The Bangladesh Bar Council administers a three stage enrolment exam approximately every two years to allow fresh law graduates to start practising in the Court. Passing all three exam is one of the major requirements besides the need for the candidate to be a citizen of Bangladesh and is minimum twenty-one years old having a law degree. In order to practice before a higher court, one needs the permission to appear in front of the subordinate court first and practise for two years. He/she then needs to appear for another two stage enrolment exam for the High Court upon passing which, he/she will be eligible for practice.

These requirements are laid down in the Bangladesh Legal Practitioners and Bar Council Order 1972. However subject to certain exceptions included in the same law, requirements needed to practice before the High Court are somewhat relaxed. These rules are less known as very little or no applications as such has been given by any person. But lack of usage does not invalidate its existence.

The Bangladesh Legal Practitioners and Bar Council Order 1972 allows Bangladeshi born lawyers having practising license in a foreign country to practise directly at the High Court. This can be done via a notification of an official Gazette by the Government. Article 21(1) of the Order also tells us that any person having the requisite legal training may also be exempted from the requirements to appear before the High Court.

Moreover Article 65A of the Order states that the requirement of 2 years practise at the subordinate court may be dispensed if the enrolled Advocate was called to the UK Bar or obtained a higher 2nd class in LL.M.

Recently there was a huge fuss about a person being permitted by the Bar Council to practice in the High Court Division of the Bangladesh Supreme Court without having to pass the thee stage enrolment exam mentioned above. He happens to have completed the Bar course from New Zealand. This seemingly intelligent person simply applied the law in his favour. He satisfied the grounds laid down in Article 21(1) of the Order and there are no reasons why he should be barred to practice. But this idea of his backfired to a national level.

The problem arose due to the timing of such a decision by the Bar. On one side there are almost sixty thousand candidates awaiting their exam for months and on the other, an individual getting unconditionally accepted for the High Court, let alone the Judge’s court, that too without giving any exams. The whole group became furious and poured in their anger. Online news portals cashed in to the opportunity dragging his background, indicating a baseless possibility of abuse of power.

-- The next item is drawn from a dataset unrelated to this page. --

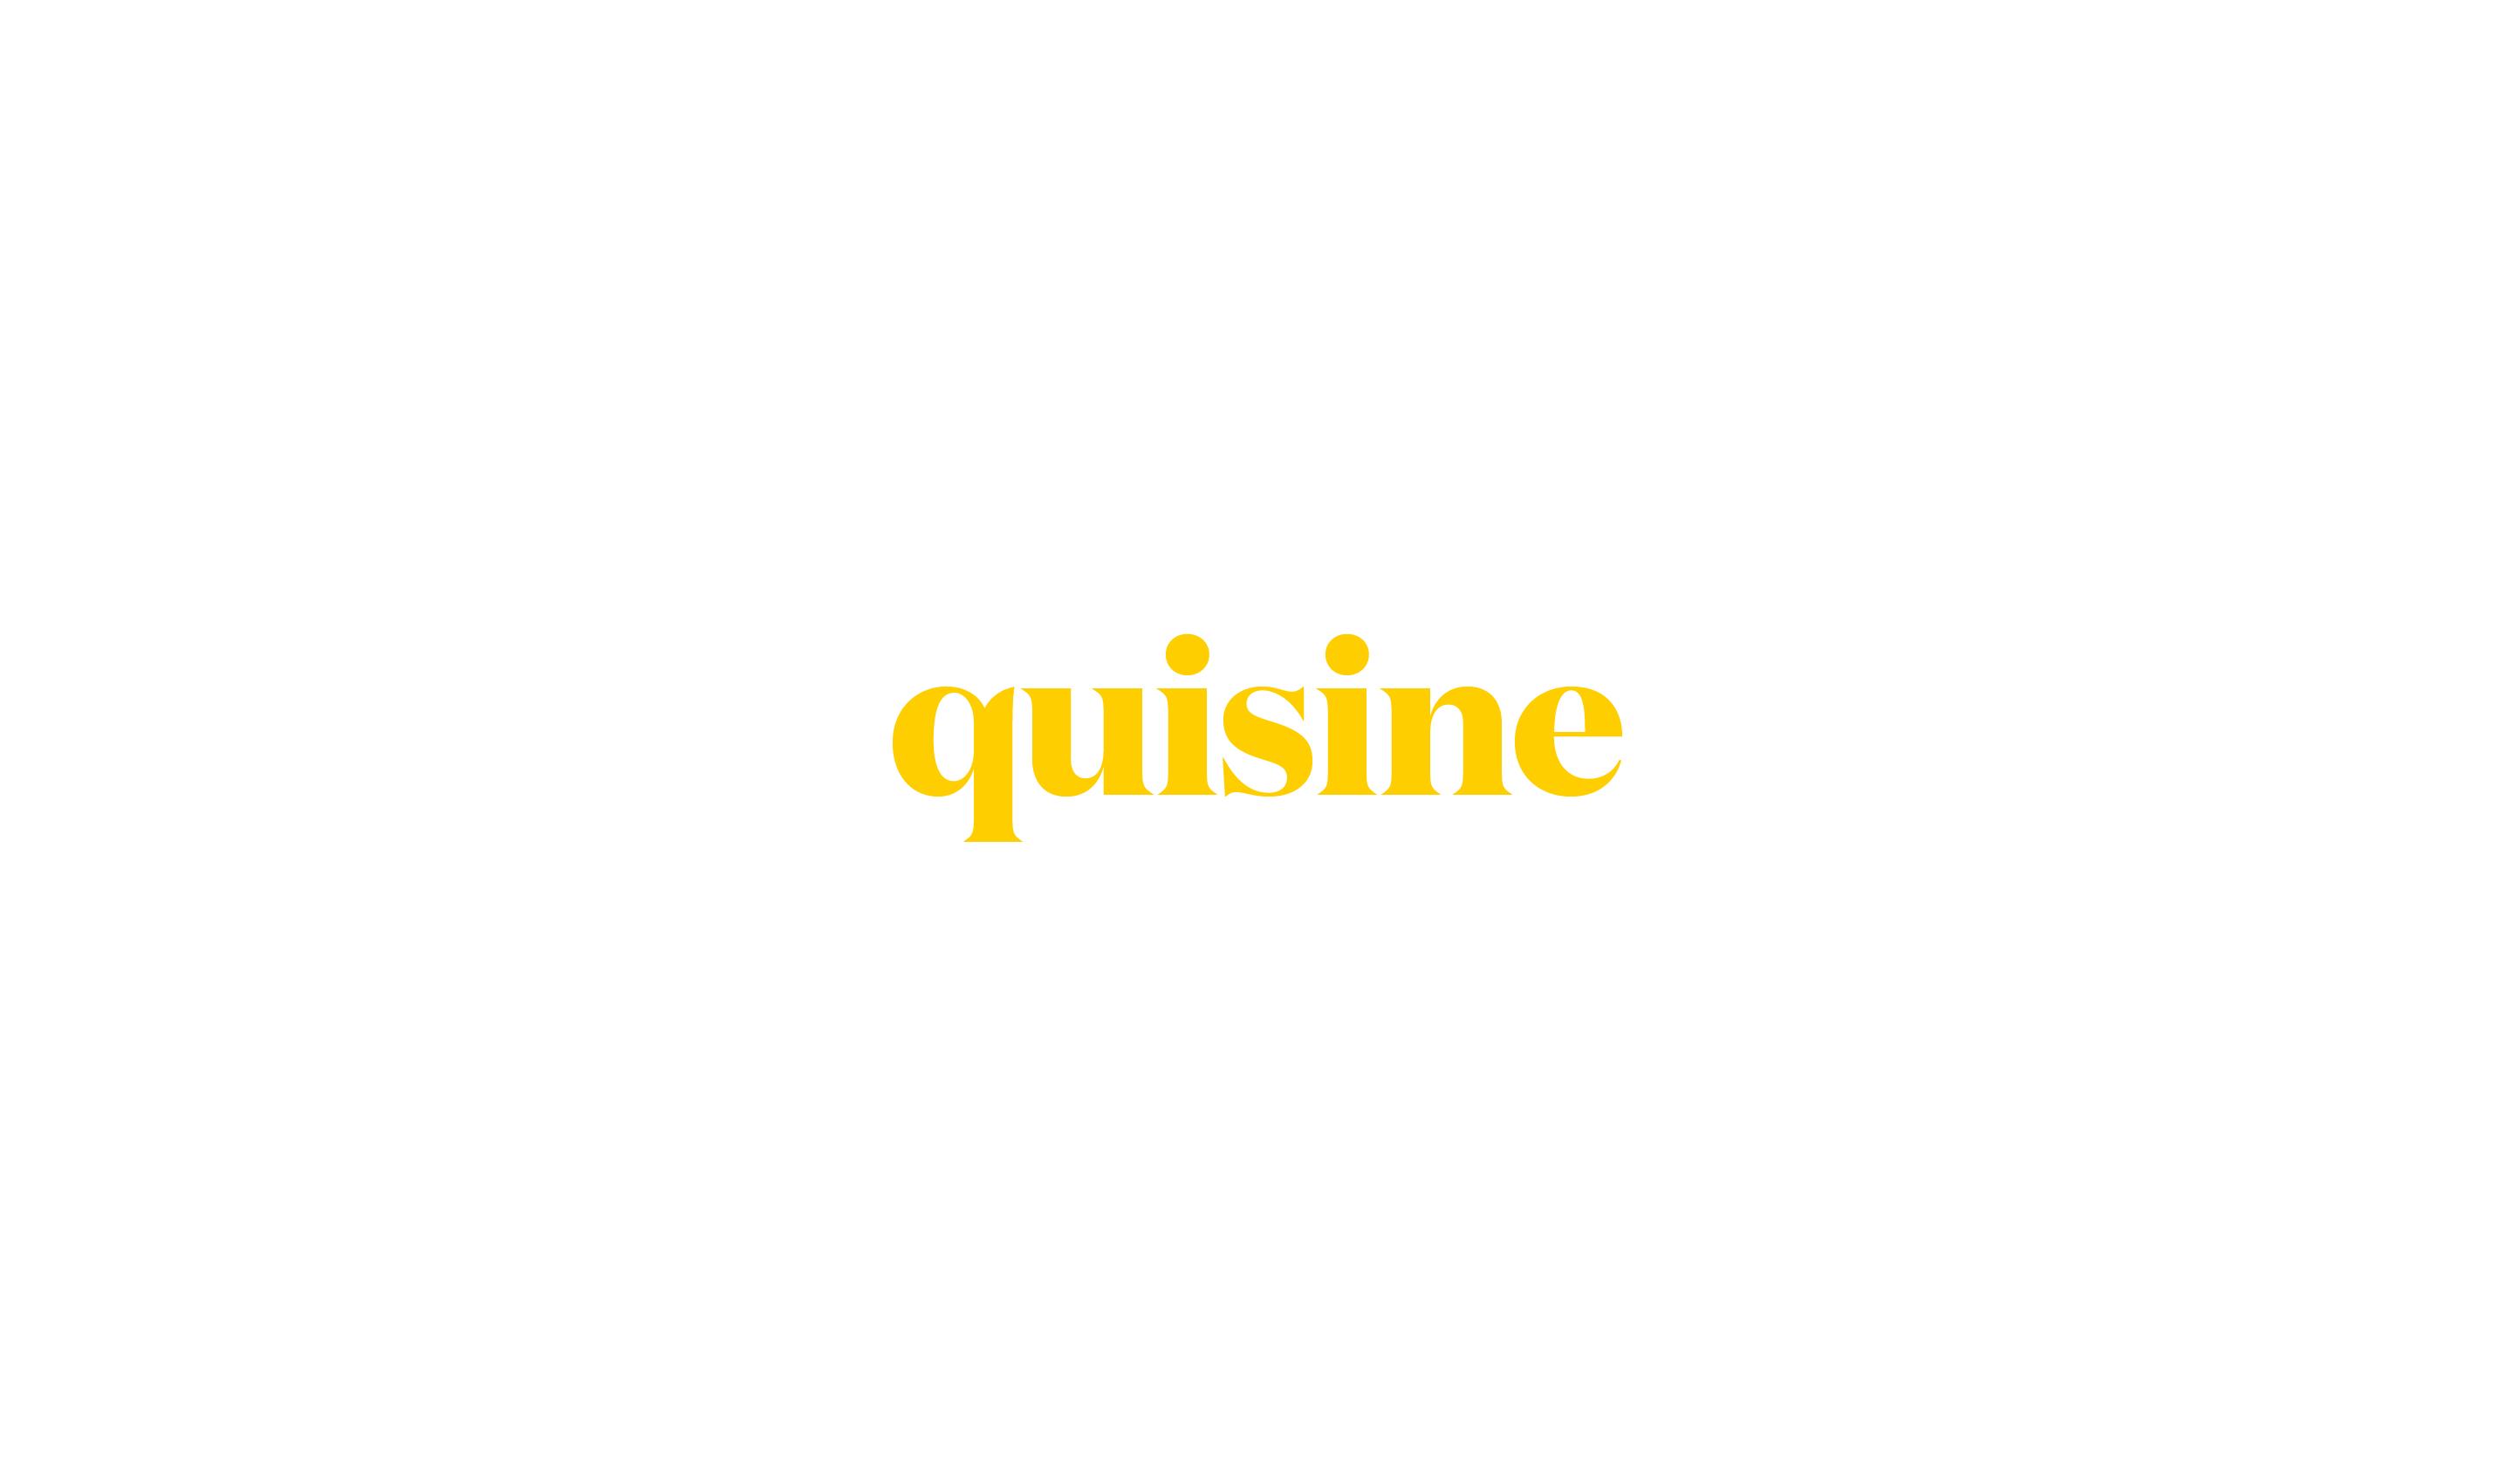 qusine logo design

A handful of the reputed lawyers filed writ petitions against the decision, challenging the validity of such rule. The High Court quashed their petition upholding the decision of the Bar Council.

The question of whether such a law is valid or not must be analysed in light of our Constitution. Article 27 of the Constitution states that it is a fundamental right for all citizens to be equal before the law, while Article 26 says any law that is inconsistent with the fundamental rights are void. It may be suggested that the Article 21(1) of the Bar Council Order does have a discriminatory effect and conflicts with the Constitution.

A lawyer may have a training from a foreign country but that does not exclude him to abide by the rules of his own country’s jurisdiction. Training or a foreign practise certificate should not be the reason for a law to discriminate or grant an individual legal superiority. Either amend the examination process or repeal such a rule. Therefore, to remove any such confusion, such laws must be clear and unambiguous.